There is more to the insert than that. I know of several FIDO consumers who are spending hours on the phone with FIDO's consumer reps trying to make sense of what they confronting on March 2. I'll try and get one of them to give me a copy of the insert and I'll find a way to pass it on to you.


Letter from Fido Consumer - forwarded to Consumer Protection

(The below Fido consumer, Mark Akrigg, gave me permission to forward this February 20, 2006 letter, originally addressed to me, to Consumer Protection)


Dear Professor Drummond,

Like many others, I read with great interest (and sympathy) the accounts in the Globe and Mail of your dealings with Rogers in the aftermath of the $12,000 bill you were presented with.

At the end of the Globe's Dec 19 article, there was a mention that you "will continue to pursue underlying issues, including a contentious  clause in the Rogers contract that forbids consumers from taking the company to court or joining a class-action lawsuit against it."

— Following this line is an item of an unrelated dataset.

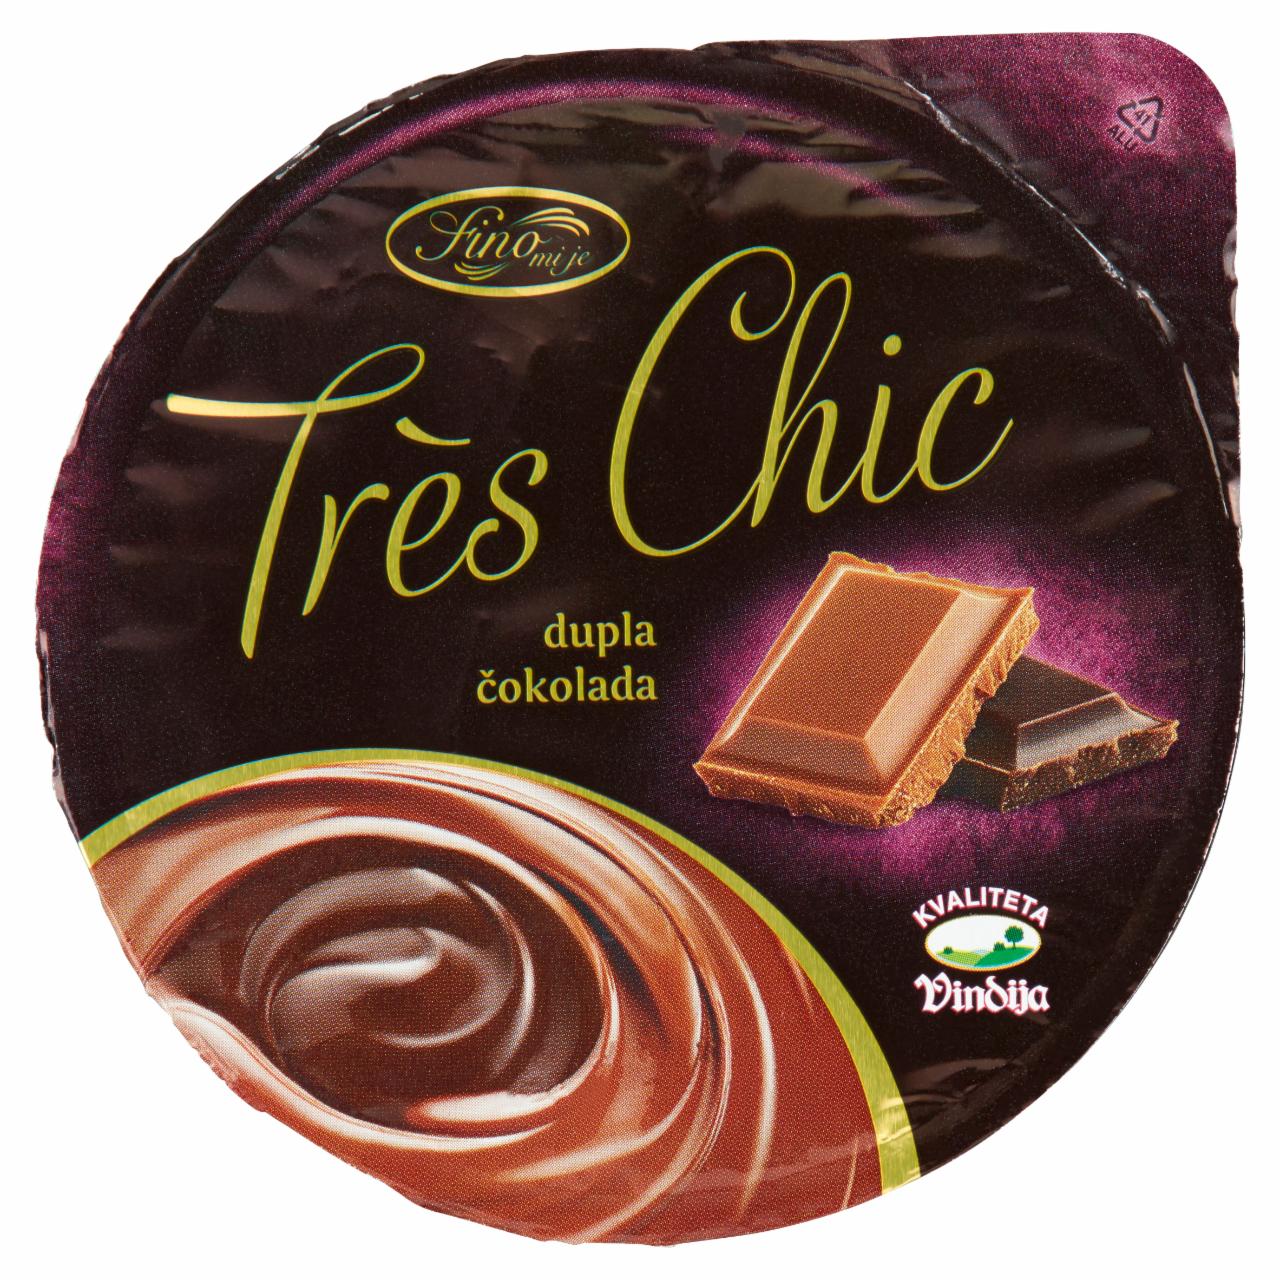 Képek - Trés Chic dupla csokoládés puding 200 g

I and my partner are both customers of FIDO, which was taken over by Rogers just over a year ago, and we find that we are newly confronted by this clause.  On February 15th, we both received with our monthly FIDO bills a very lengthy insert: it is the new Service Agreement, which was represented as part of FIDO's integration into Rogers.  Buried on the very last page of the agreement is Section 34, which reads as follows:

"34. Any claim, dispute or controversy (whether in contract or tort, pursuant to statute or regulation, or otherwise, and whether pre-existing, present or future) arising out of or relating to: (a) this Agreement; (b) the Services or equipment provided to you by us; (c) oral or written statements, or advertisements or promotions relating to this Agreement, or to the Services or equipment; or (d) the relationships that result from this Agreement (collectively the "Claim") will be determined by arbitration to the exclusion of the courts, to the extent permitted by law.  You agree to waive any right you may have to commence or participate in any class action against us related to any Claim and, where applicable, you also agree to opt out of any class proceeding against us, the extent permitted by law...[They then give the Montreal address to which any claims should be sent]...Arbitration will be conducted by one arbitrator pursuant to the laws and rules relating to commercial arbitration in the province in which you reside that are in effect on the date of the notice."

Obviously we agree to nothing of the sort.  But Rogers says that if we do not cancel our service with them before March 2, we have accepted their new Service Agreement and have therefore voluntarily renounced our access to the courts.

We consider this kind of behaviour coercive.  It is simply not possible for us to cancel the FIDO service, find another carrier, get the new service going, and notify everyone of our new numbers in the space of two weeks. So not cancelling our service before March 2 most certainly does not mean that we accept the terms of the new agreement.

But the real question is whether Rogers, offering service under a licence granted by the Government of Canada, has any right to deny customers access to the Canadian court system.

I would very much appreciate it if you could let me know what the status is of this issue.

Again, congratulations on the public service that you have performed.  I agree with you that the real objective of all this is to make Rogers behave like decent corporate citizens.  They have a long way to go.

Sincerely yours,

(Dr) Mark Akrigg

P.S. I should say that during our years of service with FIDO, starting in 1999, we felt that we were always treated fairly.  We never had the feeling that they were trying to exploit or deceive their customers.  Dealing with Rogers has been a very different and consistently nasty experience.